PROVIDED MATERIAL =
----
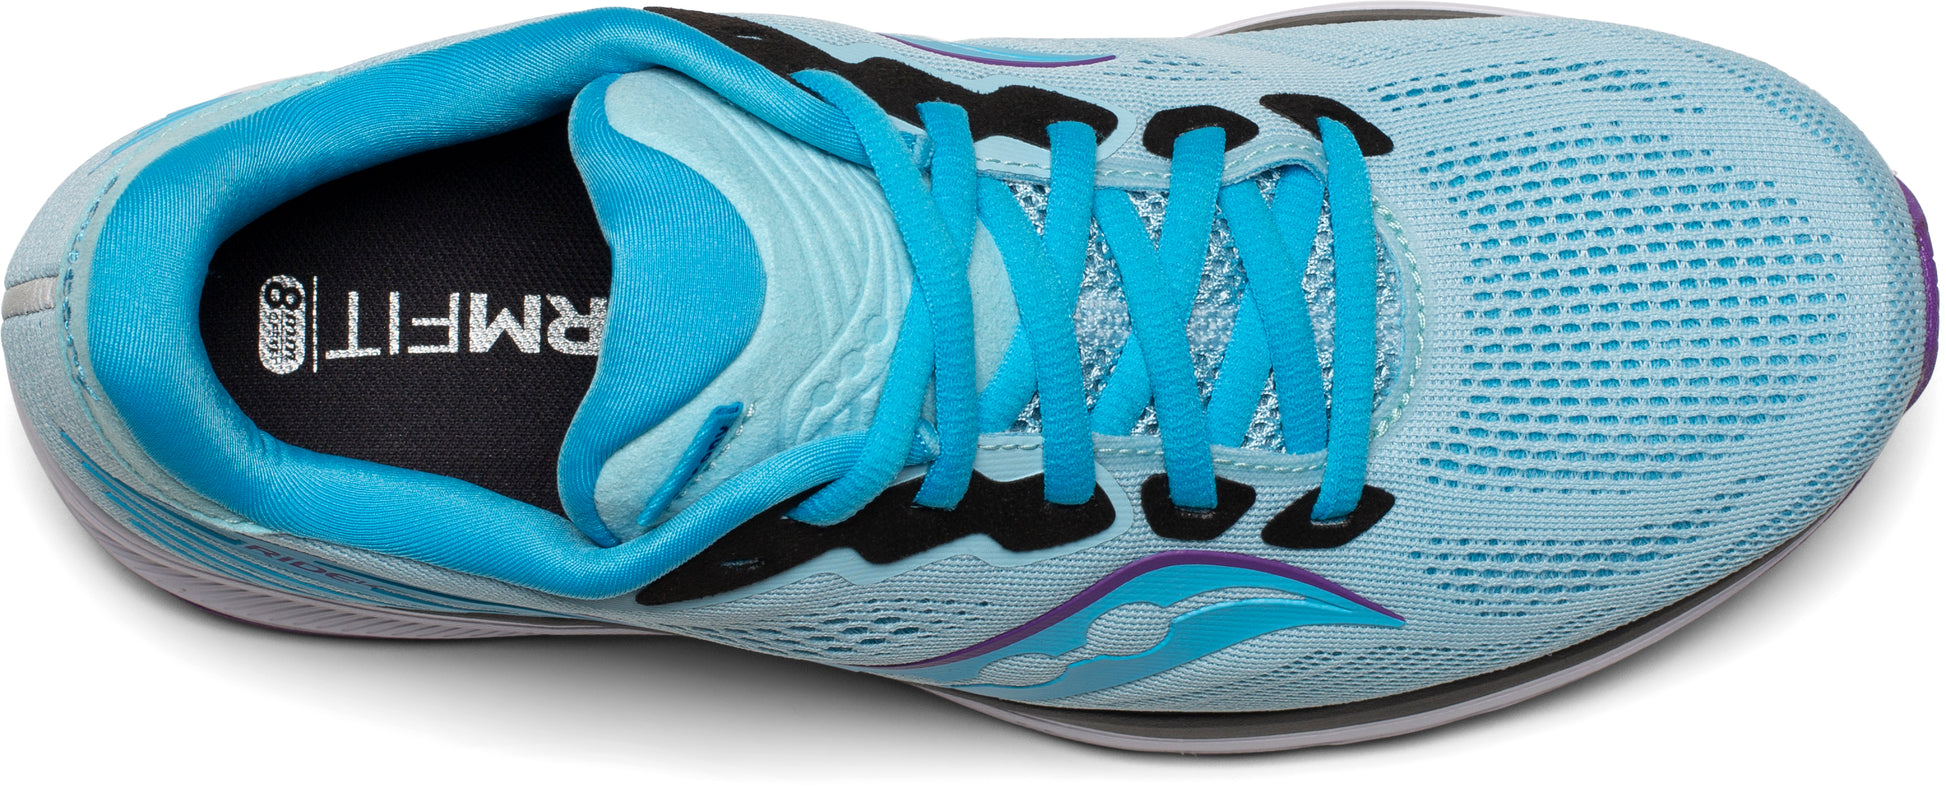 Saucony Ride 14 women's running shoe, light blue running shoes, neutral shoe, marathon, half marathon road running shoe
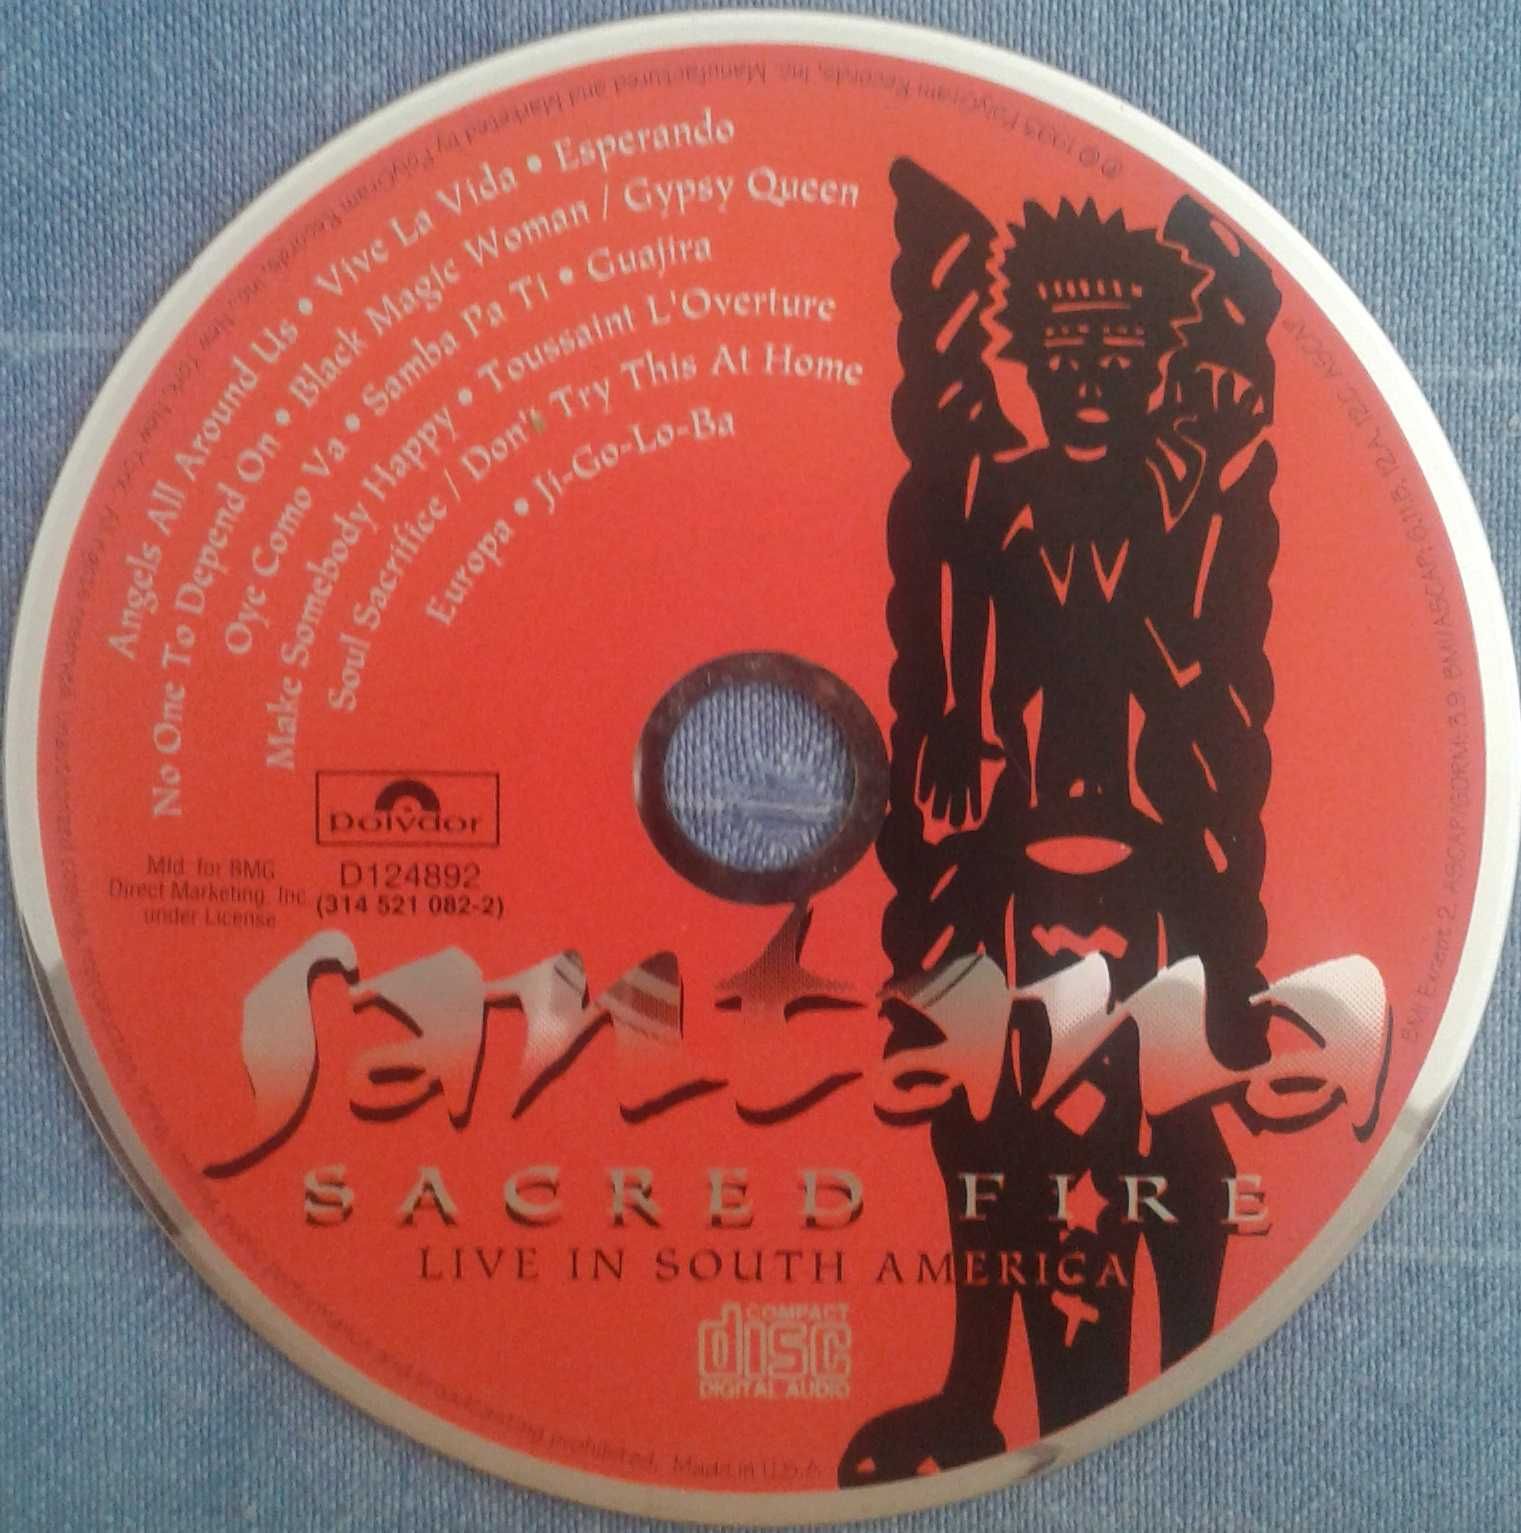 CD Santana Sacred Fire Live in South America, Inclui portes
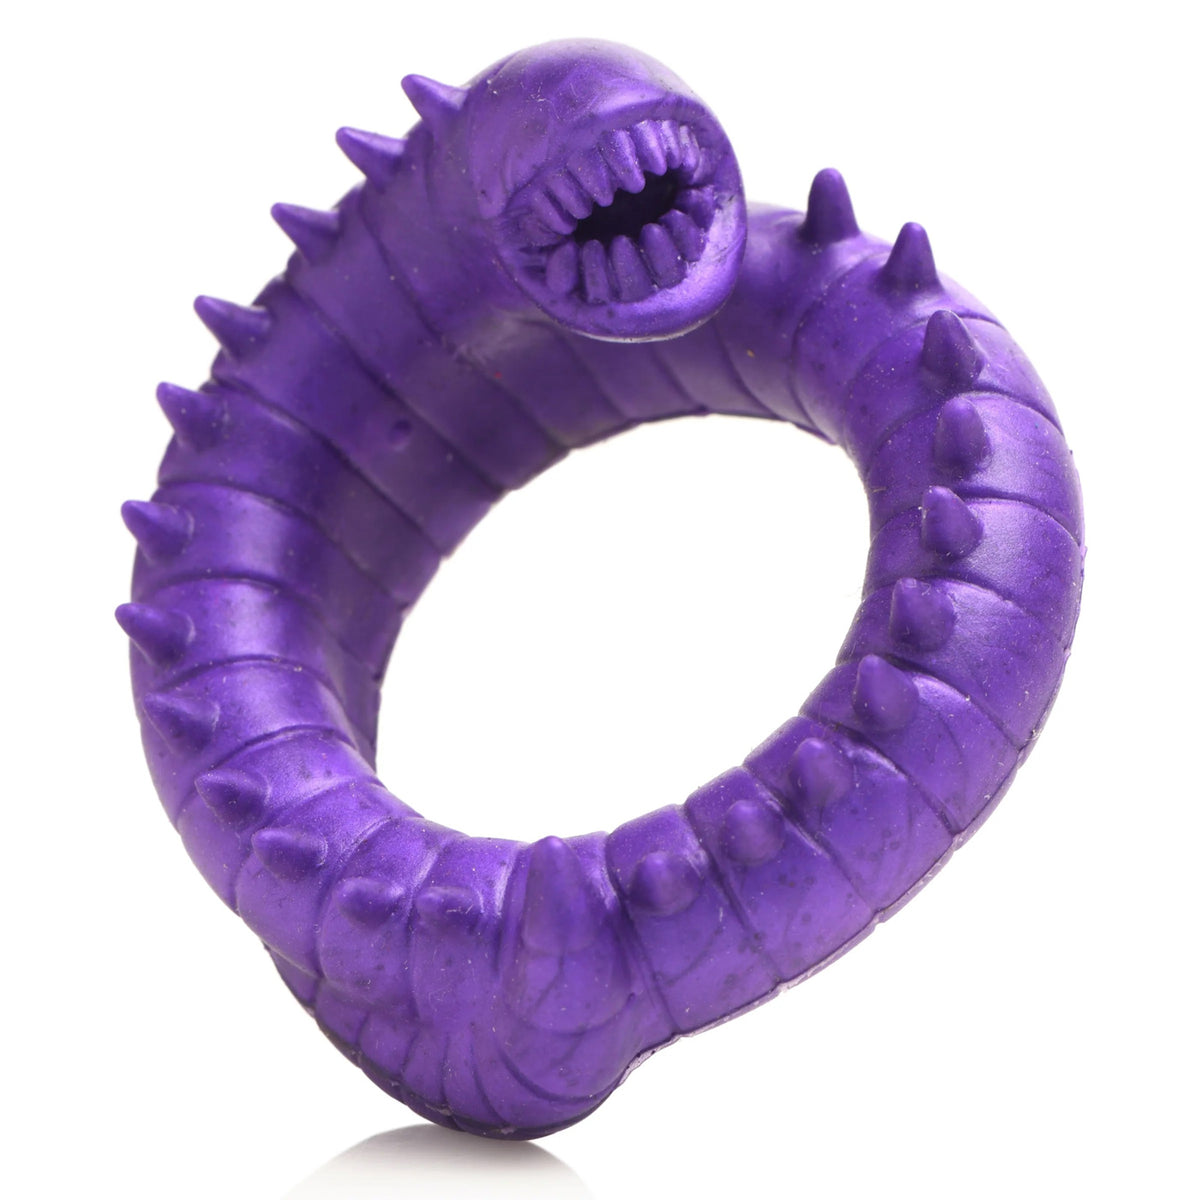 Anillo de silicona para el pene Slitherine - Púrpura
----
EXERCISE = All of the data should come back exactly as written, but without pictures.

TASK RESULT =
 Saucony Ride 14 women's running shoe, light blue running shoes, neutral shoe, marathon, half marathon road running shoe
 CD Santana Sacred Fire Live in South America, Inclui portes
 Anillo de silicona para el pene Slitherine - Púrpura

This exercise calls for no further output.